(TASK TO COMPLETE)
After locating the line with "मुस्लिम महिलाओं के" in the entries below, output it and each following line up to and including the line with "Rogers Lacrosse Women's", exactly and without pictures.

(EXTRACTED RECORDS)
- - - - -
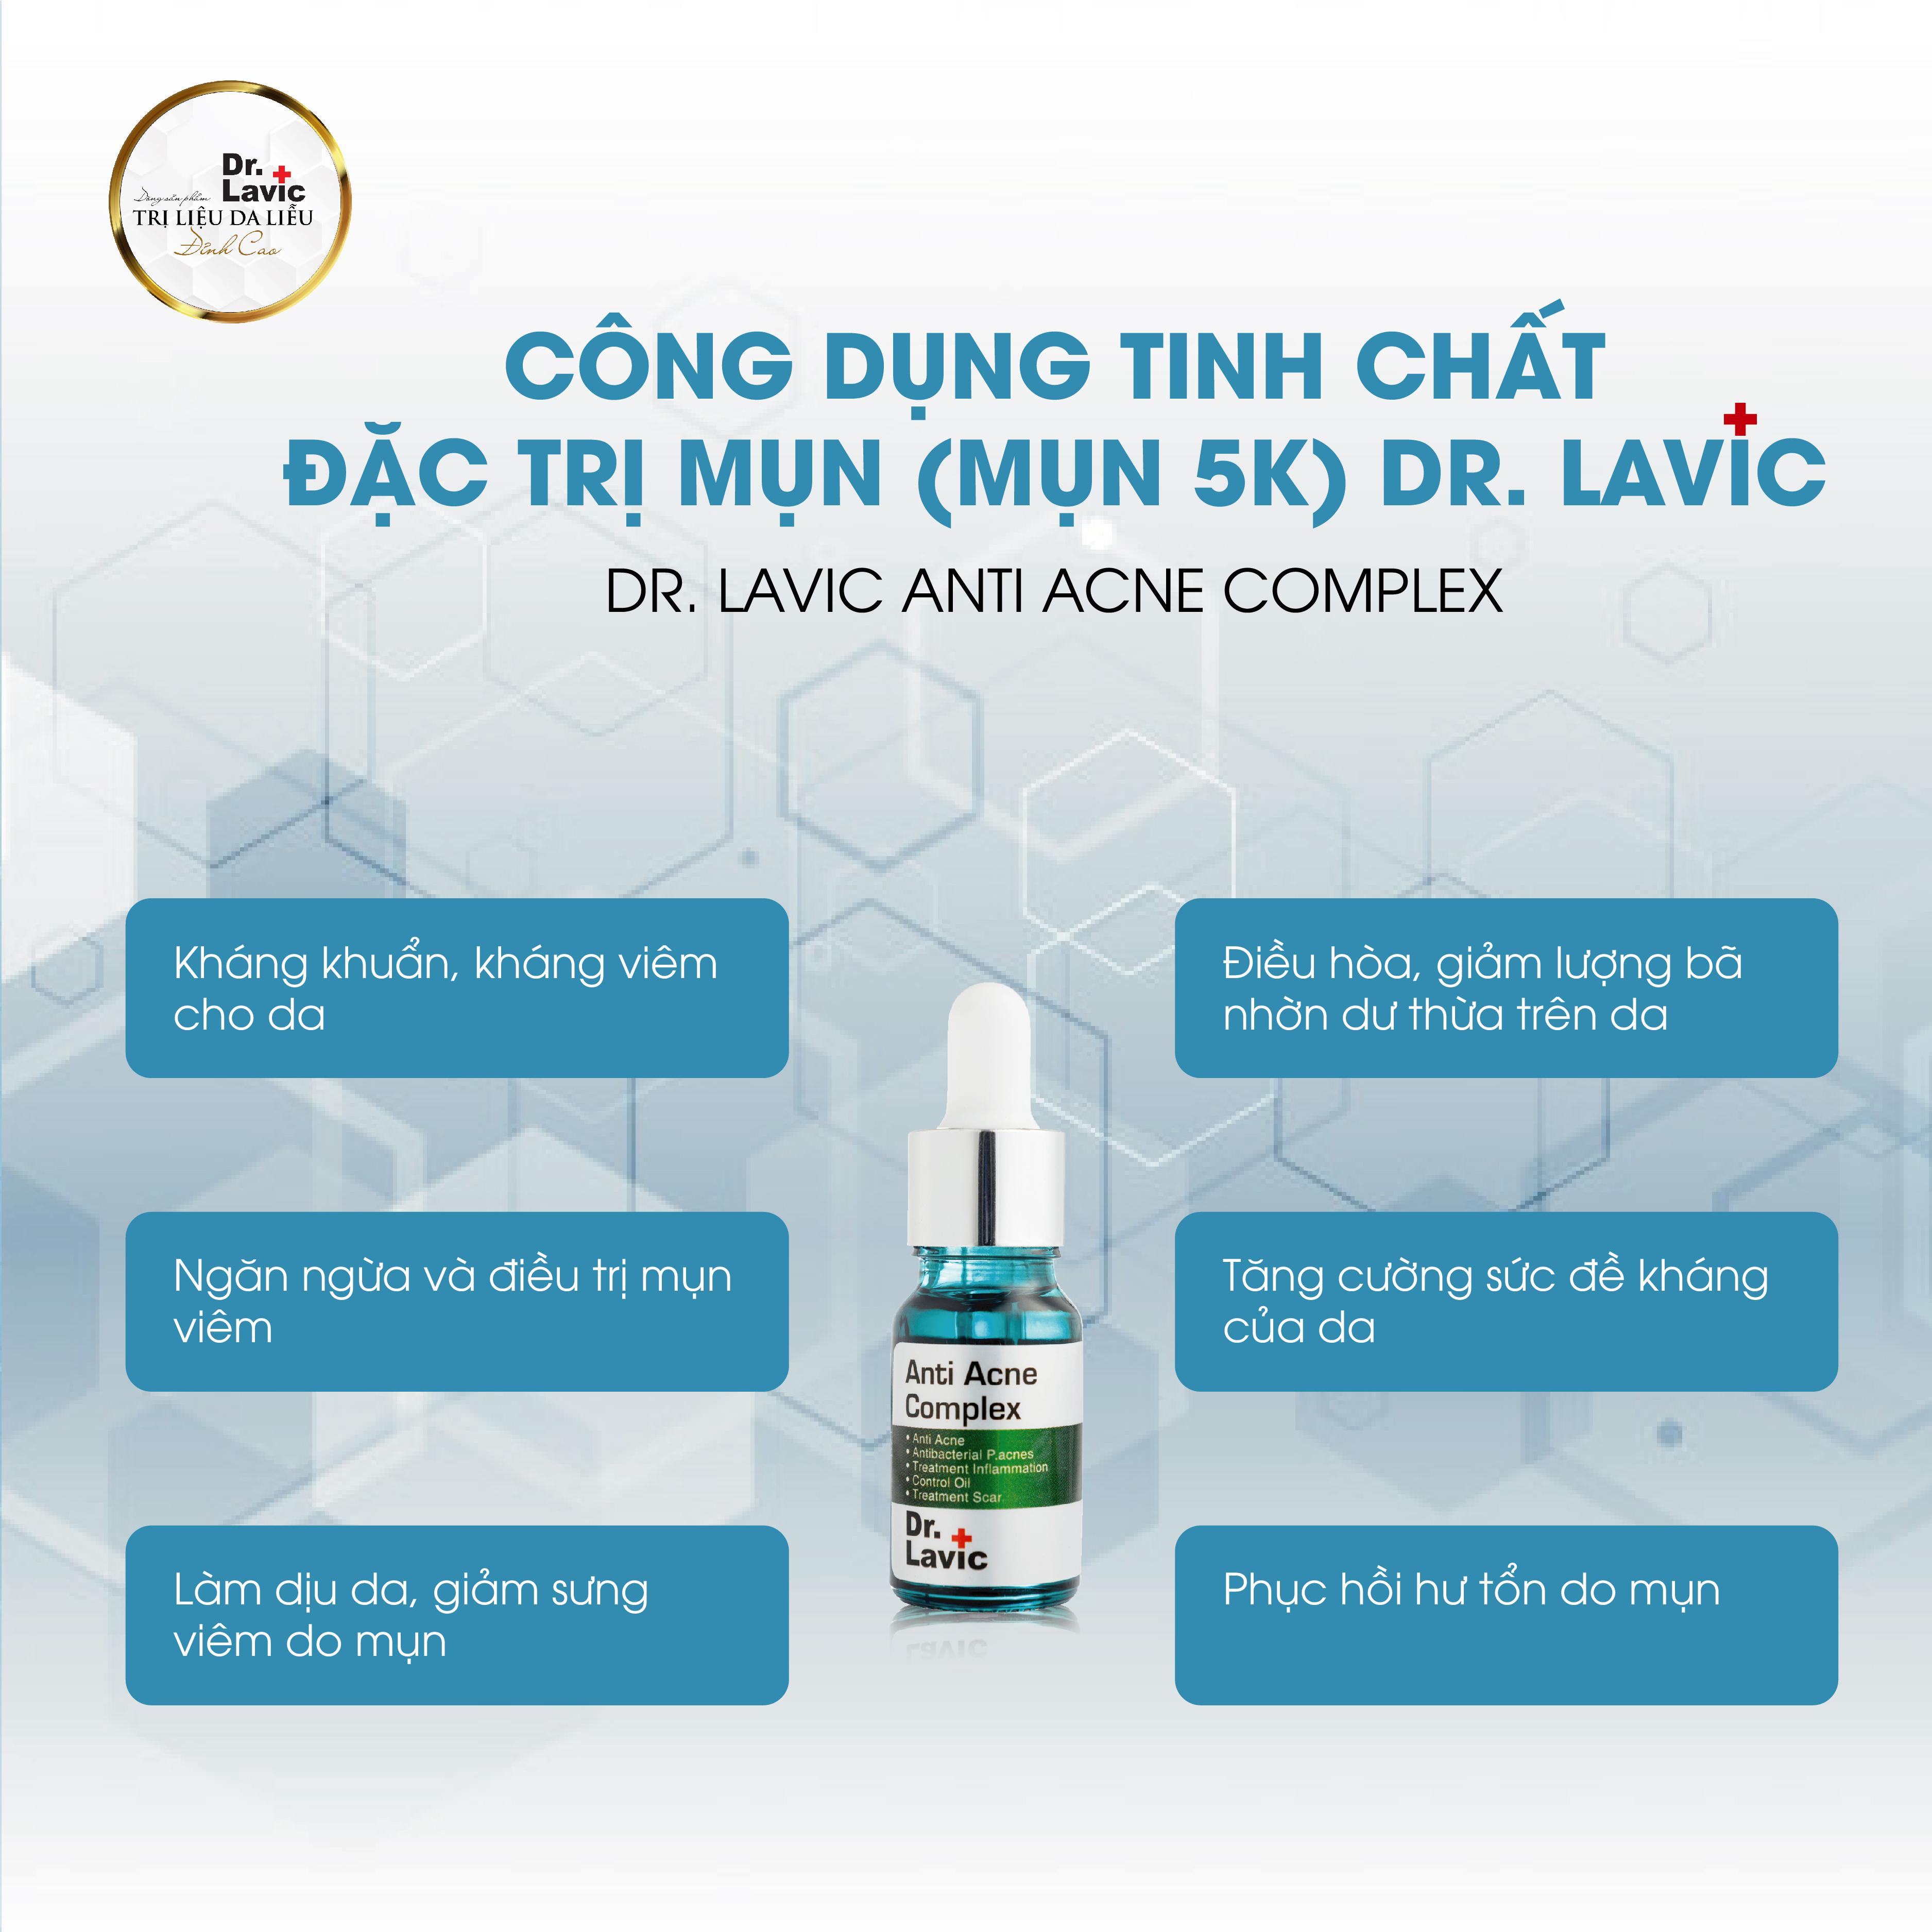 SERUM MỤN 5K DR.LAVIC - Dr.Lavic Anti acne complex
- - - - -
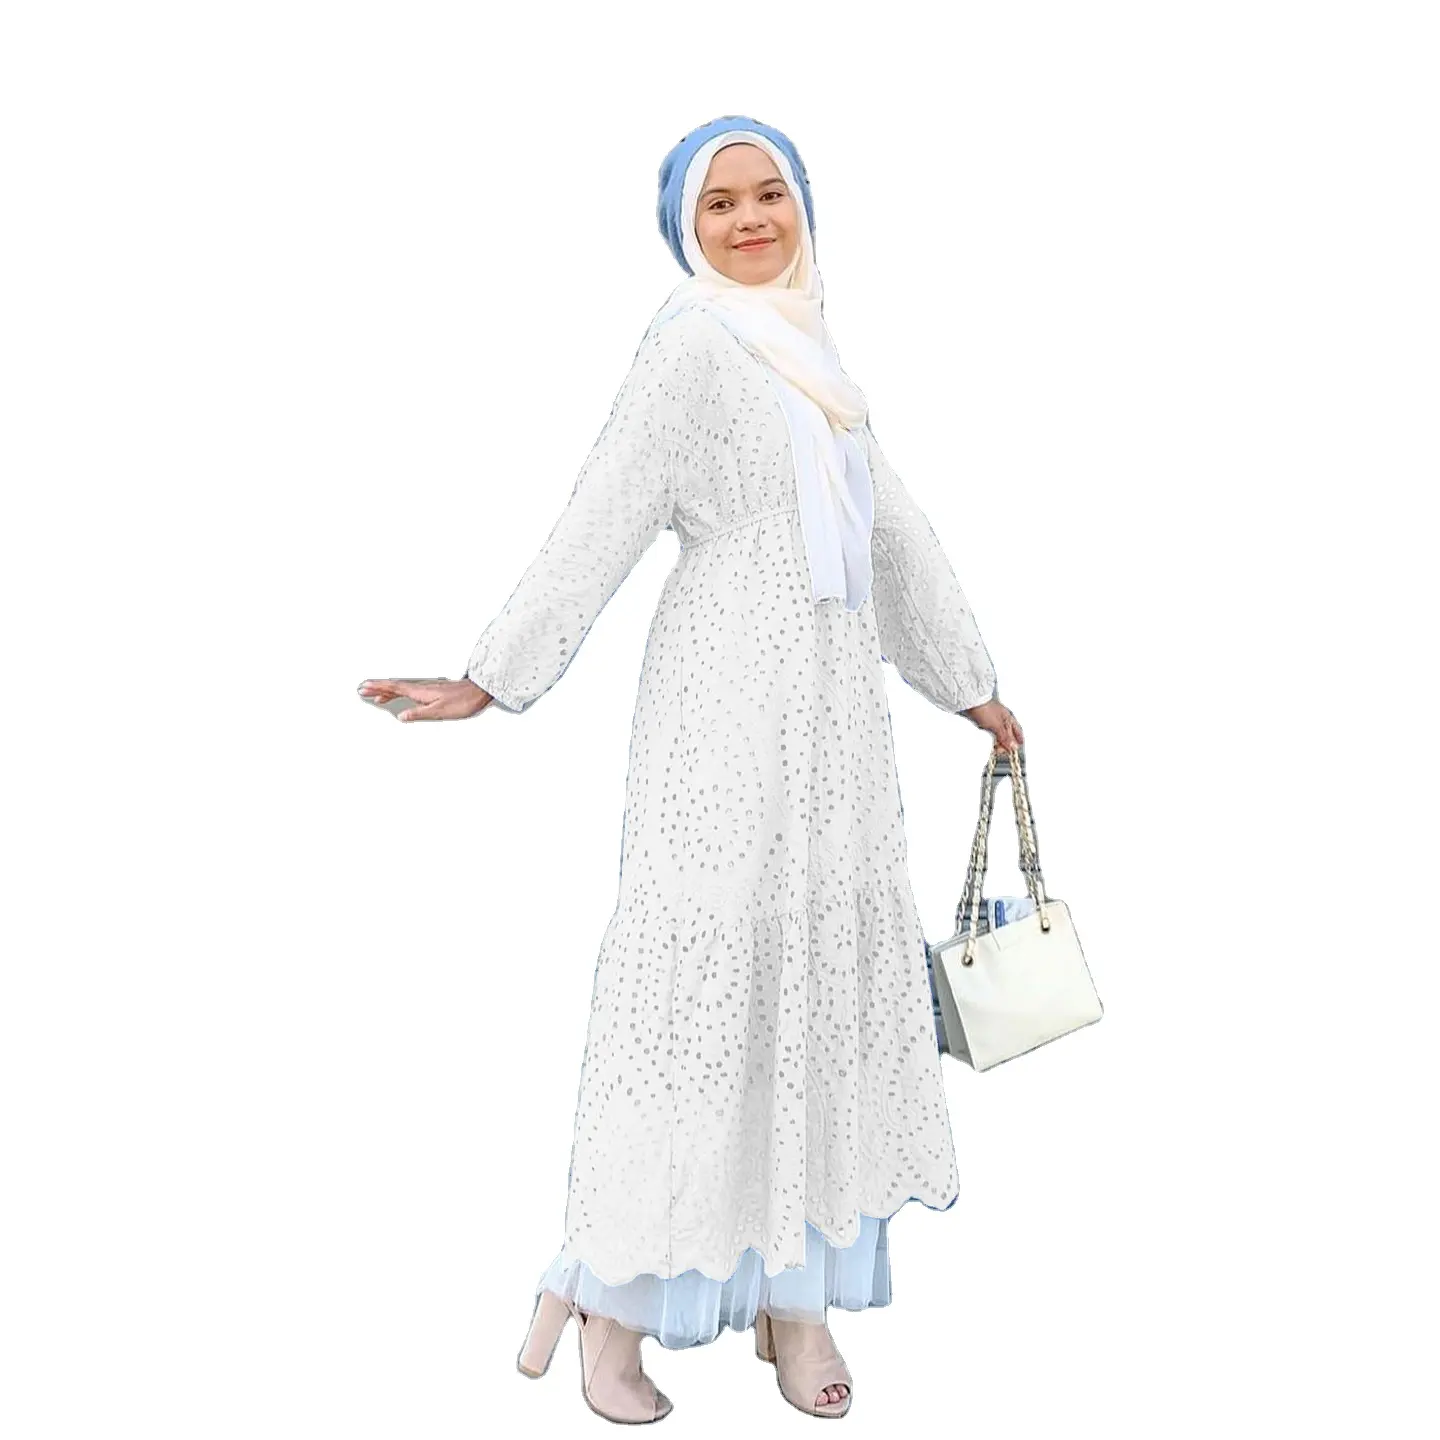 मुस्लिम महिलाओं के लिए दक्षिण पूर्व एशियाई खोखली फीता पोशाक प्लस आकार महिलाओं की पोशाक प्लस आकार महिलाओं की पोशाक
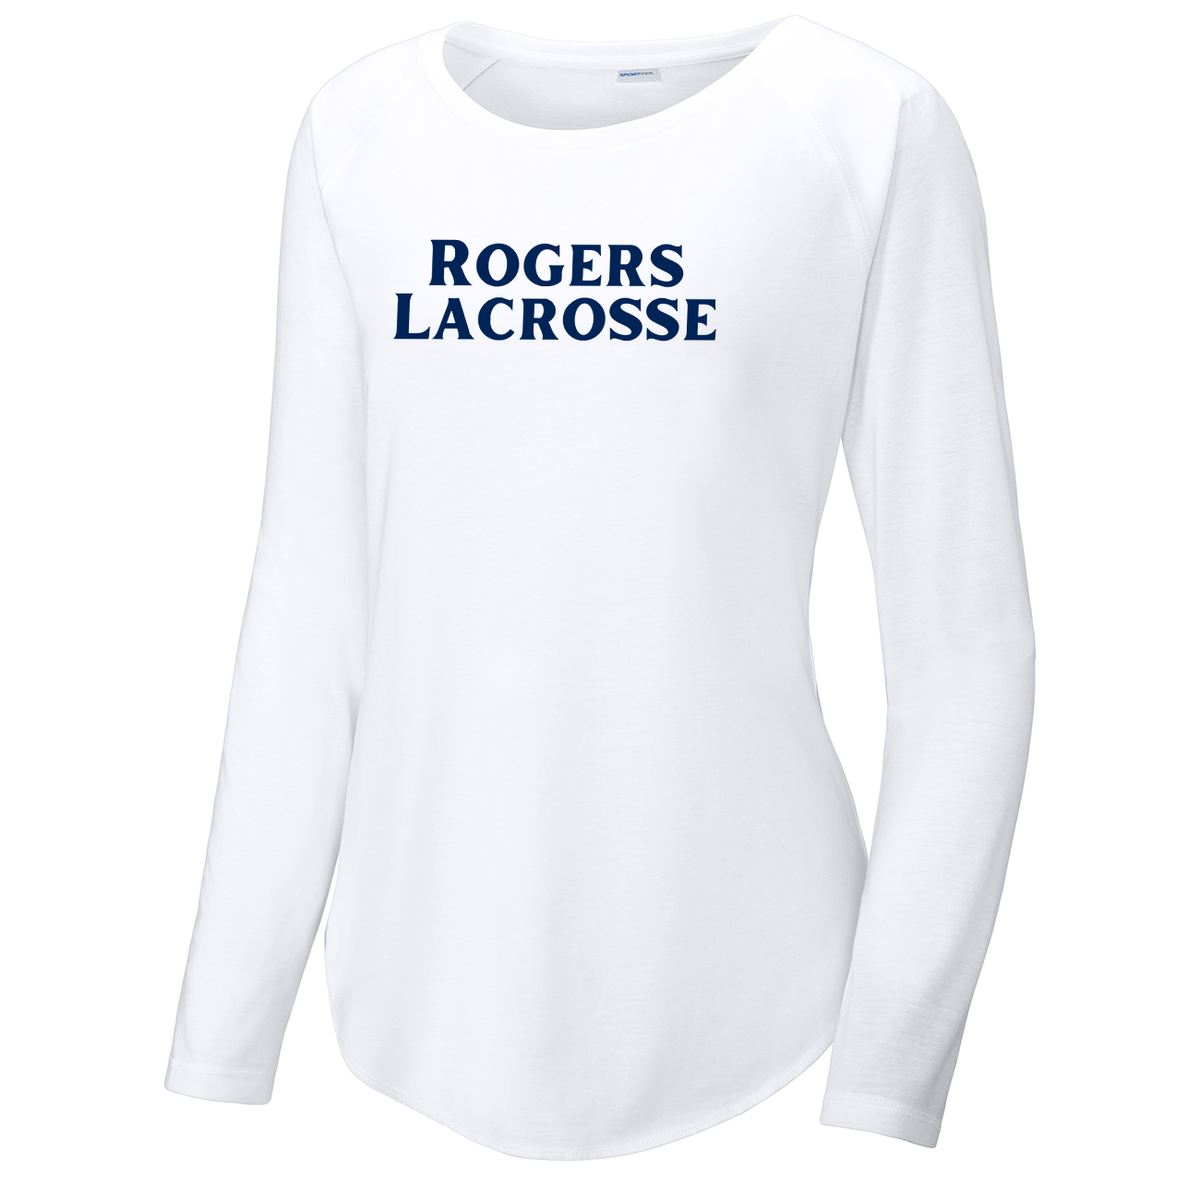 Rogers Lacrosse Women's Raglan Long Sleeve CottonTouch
- - - - -
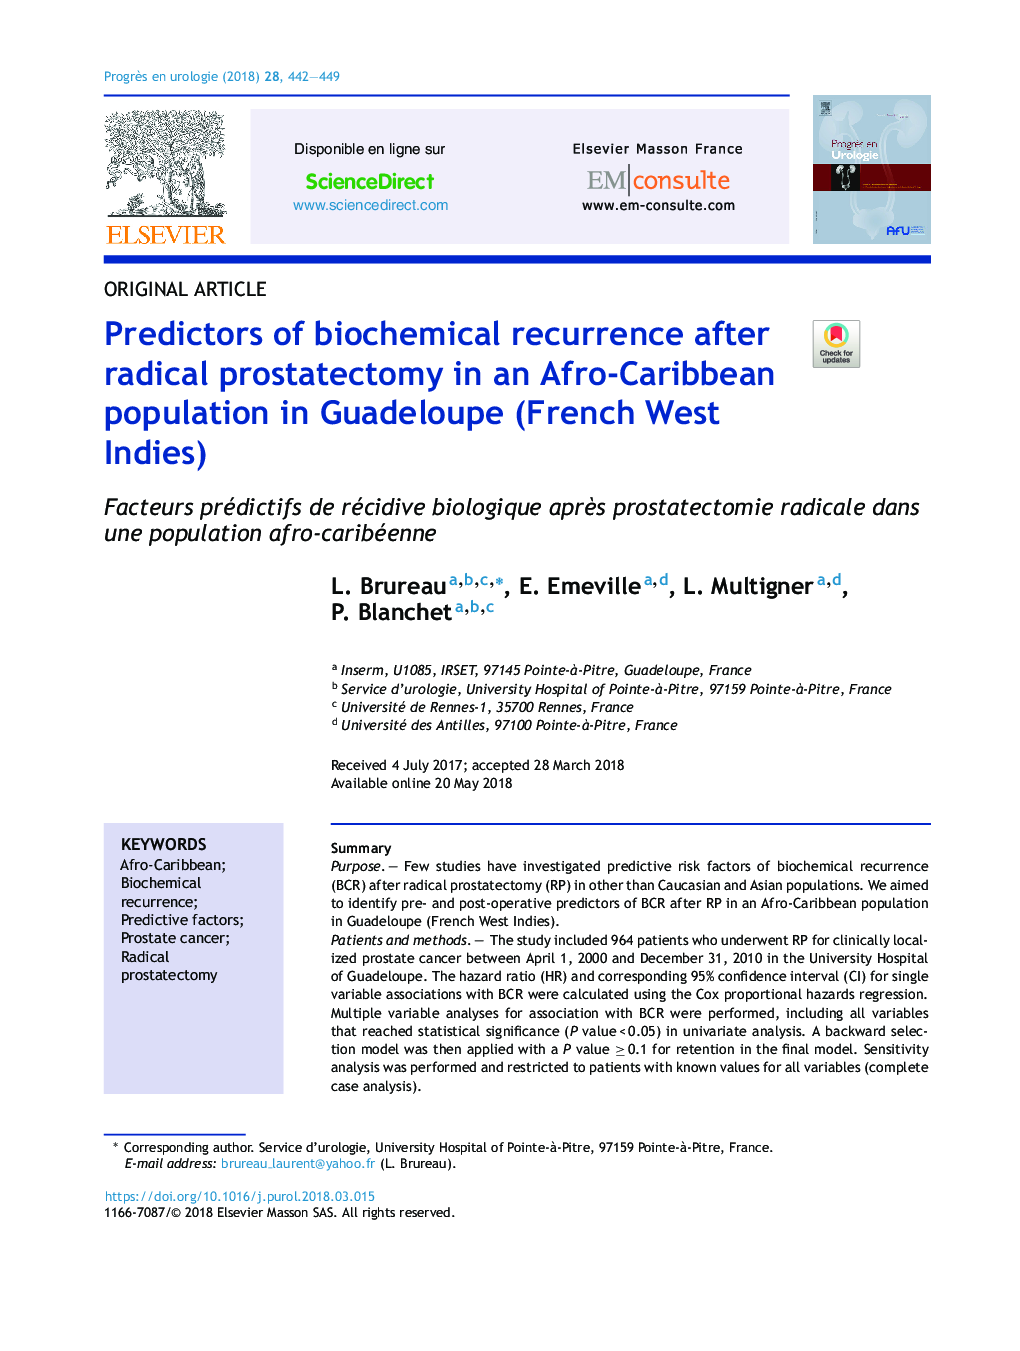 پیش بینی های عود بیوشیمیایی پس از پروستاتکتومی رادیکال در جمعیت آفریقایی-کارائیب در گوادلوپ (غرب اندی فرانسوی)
- - - - -
(ANSWER TO THE EXERCISE)
 मुस्लिम महिलाओं के लिए दक्षिण पूर्व एशियाई खोखली फीता पोशाक प्लस आकार महिलाओं की पोशाक प्लस आकार महिलाओं की पोशाक
 Rogers Lacrosse Women's Raglan Long Sleeve CottonTouch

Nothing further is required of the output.